Now, configure this new SBT project in project/Build.scala:

// Note the "with play.PlayInternalKeys"
object ApplicationBuild extends Build with play.PlayInternalKeys {
 
  // Project with NettyServer monkey patch
  val monkeyPatch = Project("monkey-patch", file("monkey-patch"))
    .settings(libraryDependencies += 
      "com.typesafe.play" % "play_2.10" % "2.2.1")
 
  // Actual Play app
  val myApp = play.Project("my-app", path = file("my-app"))
    .dependsOn(monkeyPatch)
    .settings(
      // Add to playDependencyClasspath so it is accessible in 
      // the classloader used for the "run" and "start" commands
      playDependencyClasspath += 
        (classDirectory in Compile in monkeyPatch).value
    )
}

Step 2: override the run and start commands to use TempNettyServer

Ready for more copy/paste?

Grab PlayRun.scala and copy it into the project folder under some other name, such as TempPlayRun.scala and make two changes:

  1. Replace all PlayRun references with TempPlayRun: there should only be one, which is the class name.
  2. Replace all NettyServer references with TempNettyServer: there should be two, both in String literals, used in the run and start commands to fire up the app.

Now, update the settings in project/Build.scala to use your versions of the run and start commands:

// Note the "with play.PlayInternalKeys"
object ApplicationBuild extends Build with play.PlayInternalKeys {
 
  // Project with NettyServer monkey patch
  val monkeyPatch = Project("monkey-patch", file("monkey-patch"))
    .settings(libraryDependencies += 
      "com.typesafe.play" % "play_2.10" % "2.2.1")
 
  // Actual Play app
  val myApp = play.Project("my-app", path = file("my-app"))
    .dependsOn(monkeyPatch)
    .settings(
      // Add to playDependencyClasspath so it is accessible in 
      // the classloader used for the "run" and "start" commands
      playDependencyClasspath += 
        (classDirectory in Compile in monkeyPatch).value,
      
      // Replace the "run" and "start" commands with the monkey 
      // patched versions in TempPlayRun
      run in Compile <<= TempPlayRun.playRunSetting,
      commands += TempPlayRun.playStartCommand      
    )
}

A note on OS limits

After making the changes above, you should be able to handle more than 50 concurrent connections.
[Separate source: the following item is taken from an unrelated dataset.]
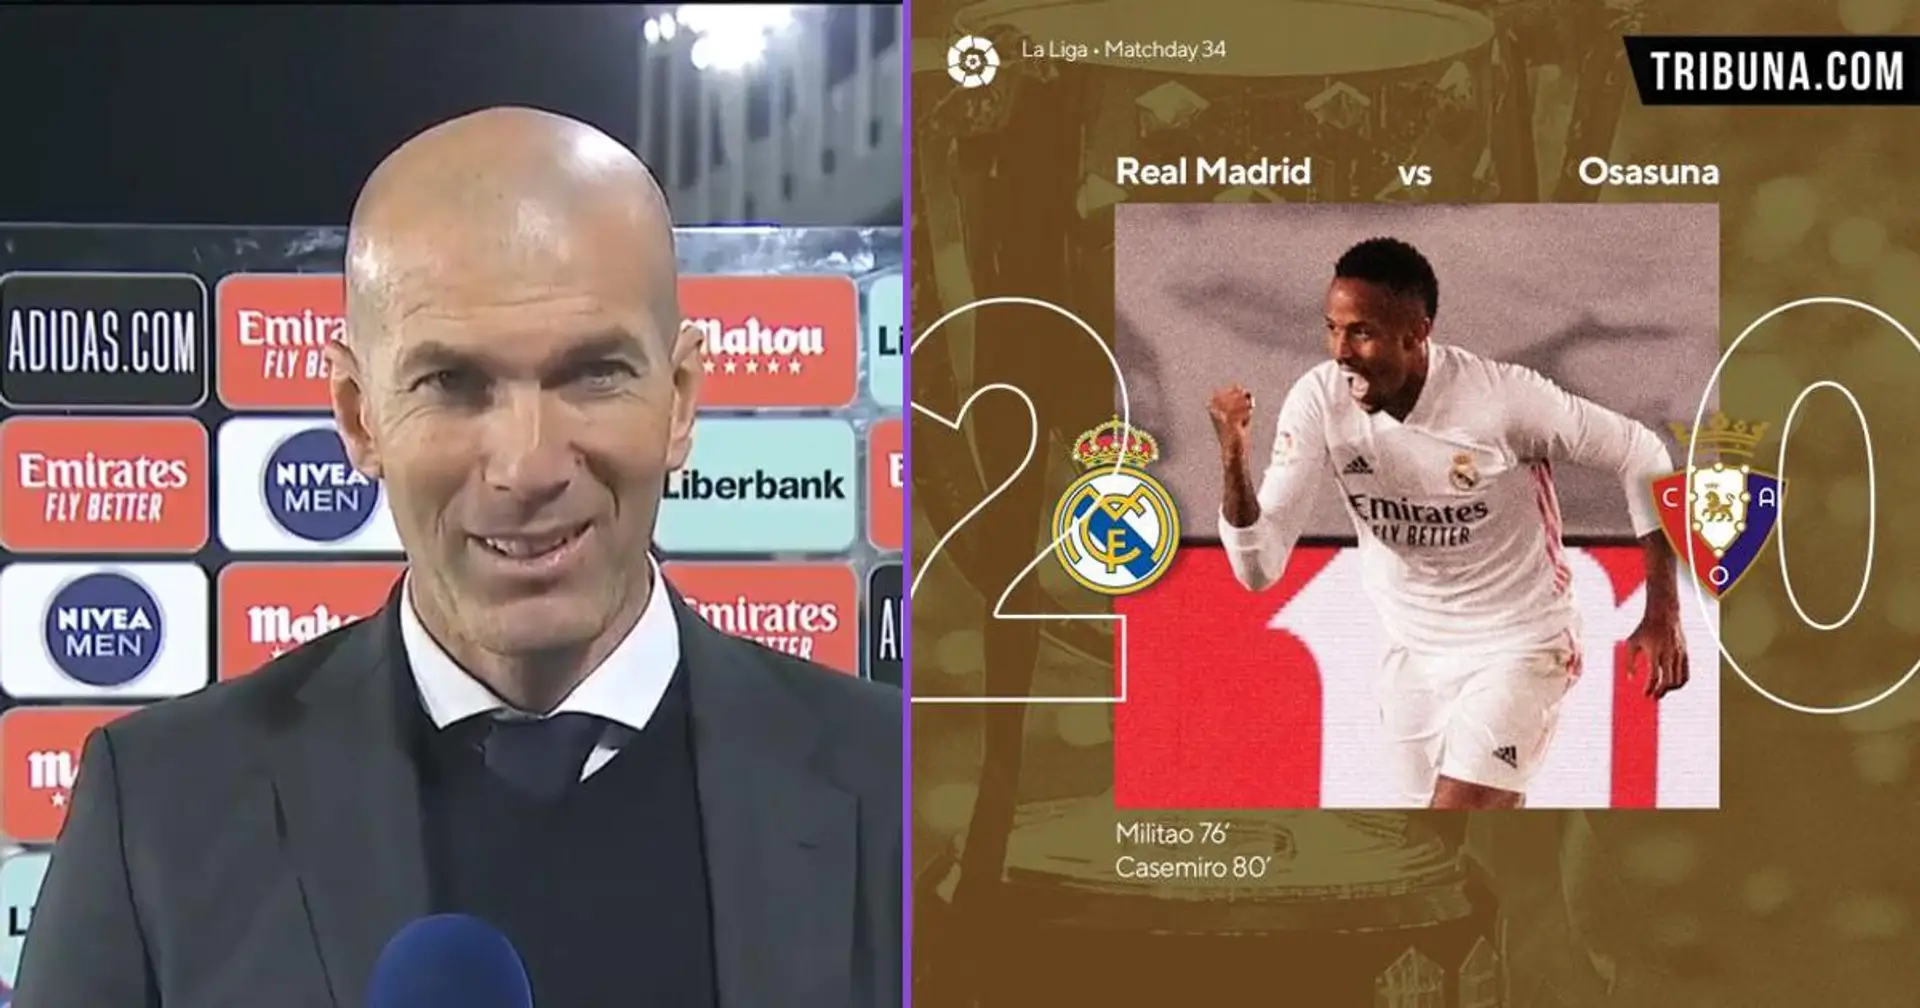 Zidane révèle ce qu'il a dit aux joueurs madrilènes à la mi-temps pour remporter la victoire en seconde période contre Osasuna

However, depending on how your OS is configured, you might still hit a limit at 128 or so. This is probably due to the kernel config kern.ipc.somaxconn, which controls “the size of the listen queue for accepting new TCP connections” and has a default of 128.

To tweak this limit, you can run the following command:

sysctl -w kern.ipc.somaxconn=1024

Your Netty or Play app should now be able to handle over 1000 concurrent connections (or more, depending on what limits you set above).